I'll look into it later this weekend.

> Actually, since the Comparison has the nodes themselves can't it just
> compute the xpath using them (on demand)? Are there cases where this
> wouldn't work?

TBH I modeled this after the XMLUnit 1.x difference engine which
calculates the XPath while walking the tree as well and never questioned
that design.  The trickies part would be knowing the sibblings on each
level (what to put into the sqare brackets of /foo/bar[...]/baz on the
XPath of a baz element) - this might benefit from some caching as you
suggest to do for Level instances.

Stefan

Re: [Xmlunit-general] XPathContext.getXPath taking bulk of compare time

From: Stefan B. <bo...@ap...> - 2013-04-14 18:34:48

On 2013-04-13, Stefan Bodewig wrote:

>> On 4/11/13 1:06 PM, David Rees wrote:

>>> I also took a first crack at using dynamic programming to store the
>>> xpath expression in the Level objects. So its only computed once for
>>> each level. That took it from 0.06 to 0.04. A patch with that first
>>> crack is at https://sourceforge.net/p/xmlunit/bugs/61/.

> I'll look into it later this weekend.

I've committed your patch and ported it to C#.
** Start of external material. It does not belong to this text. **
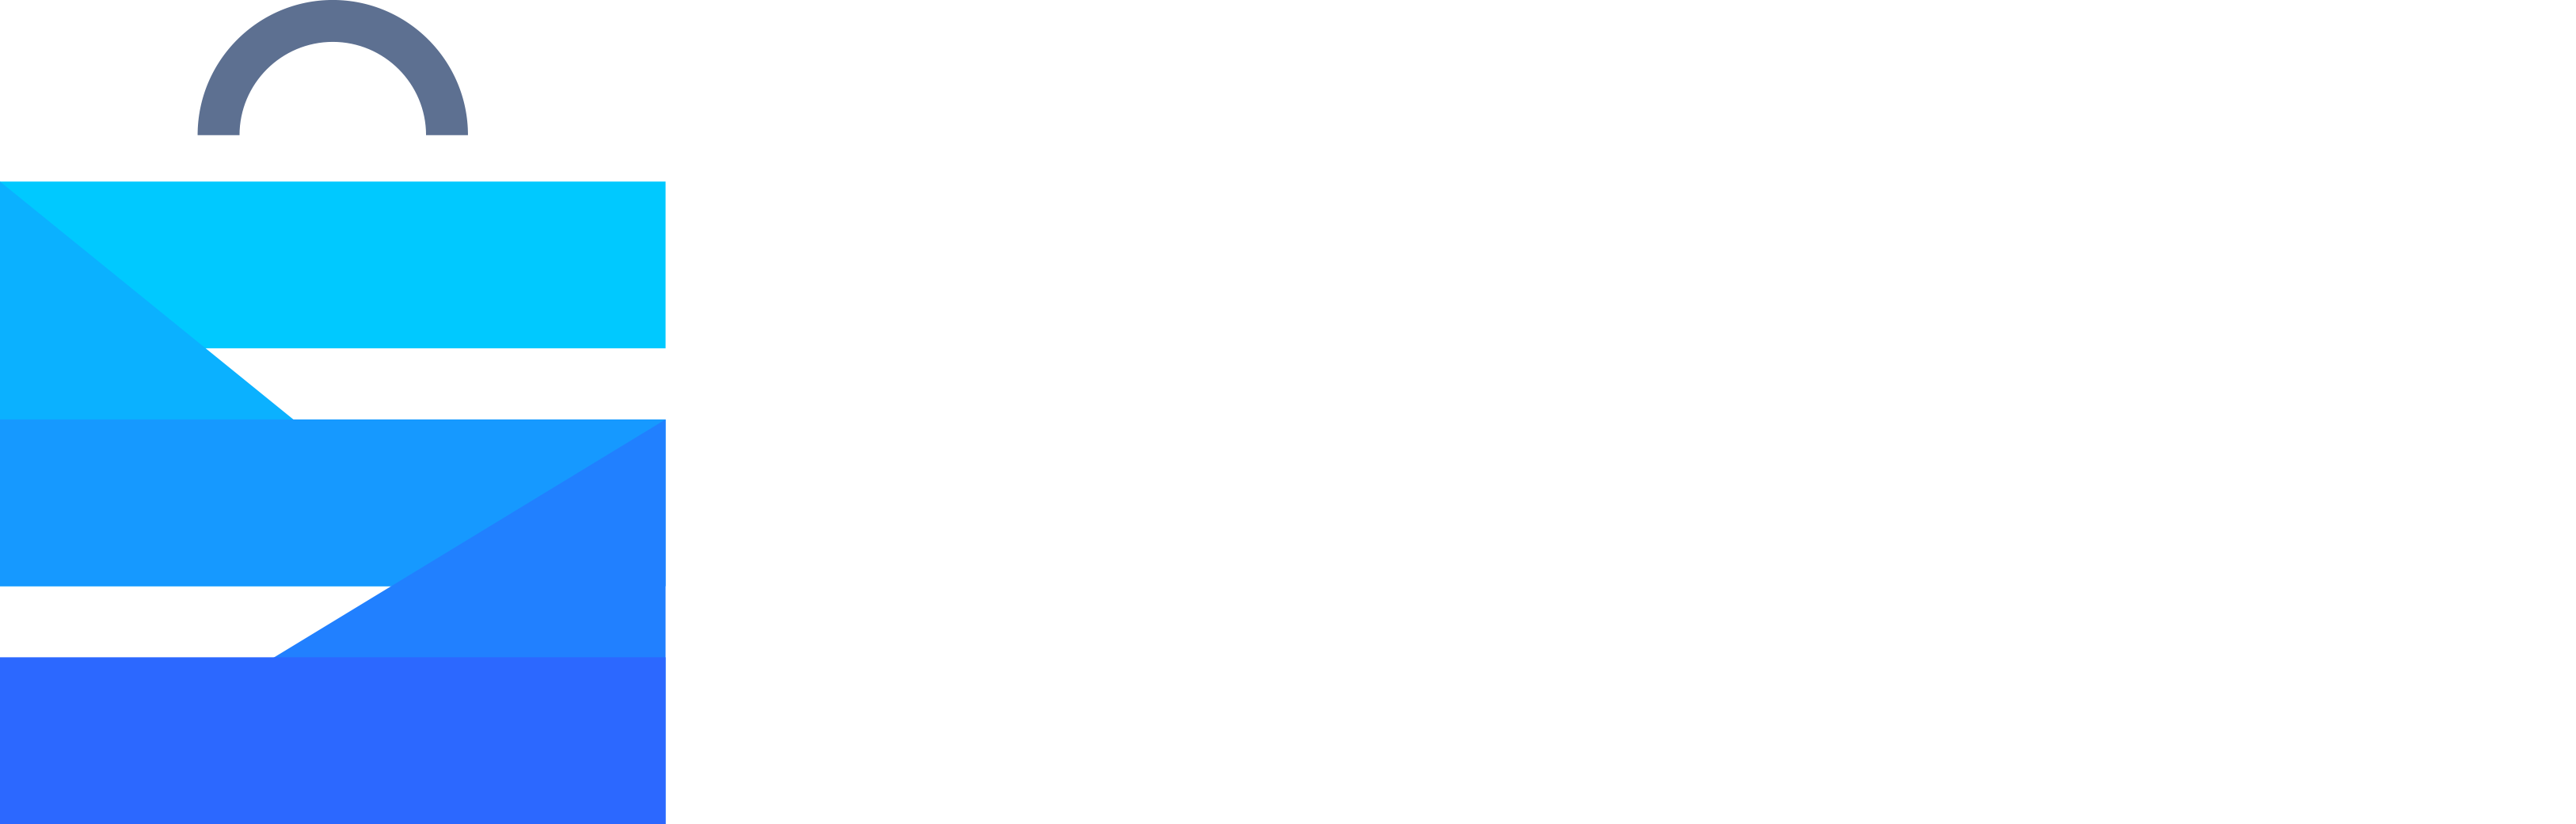 Amazon Sellers Help

Deque#descendingIterator is Java6 while I tried to keep the code base
compatible to Java5 so far.  That seemed to be a good idea three years
ago, not sure whether it really is anymore or whether Java6 as baseline
is acceptable.  If so we might question .NET 2.0 vs 3.5 as well.

Stefan

Re: [Xmlunit-general] XPathContext.getXPath taking bulk of compare time

From: Stefan B. <bo...@ap...> - 2013-04-14 18:56:43

On 2013-04-13, Stefan Bodewig wrote:

> On 2013-04-11, David Rees wrote:

>> On 4/11/13 1:06 PM, David Rees wrote:

>>> I've actually tracked it down to two things in the XPathContext.getXPath.

>>> The biggest is actually the "replace(SEP + SEP, SEP)". When I remove
>>> that my XMLUnit benchmarks go from 0.11 to 0.06. I haven't played with
>>> it enough yet to know enough about why that line is there so I can
>>> replace it.

> I don't recall under which circumstances it happens but there are
> certain edge cases.

The document node itself is used like an element named "" so there is an
initial Level with XPath "/" and when the document element is added we
get two consecutive slashes.  I've rewritten the XPath building to
account for the special case and avoind the replace call.

Actually there is an additional possibility for levels with empty names
in the default case of appendChildren - but I don't think that can be
triggered at all.

Stefan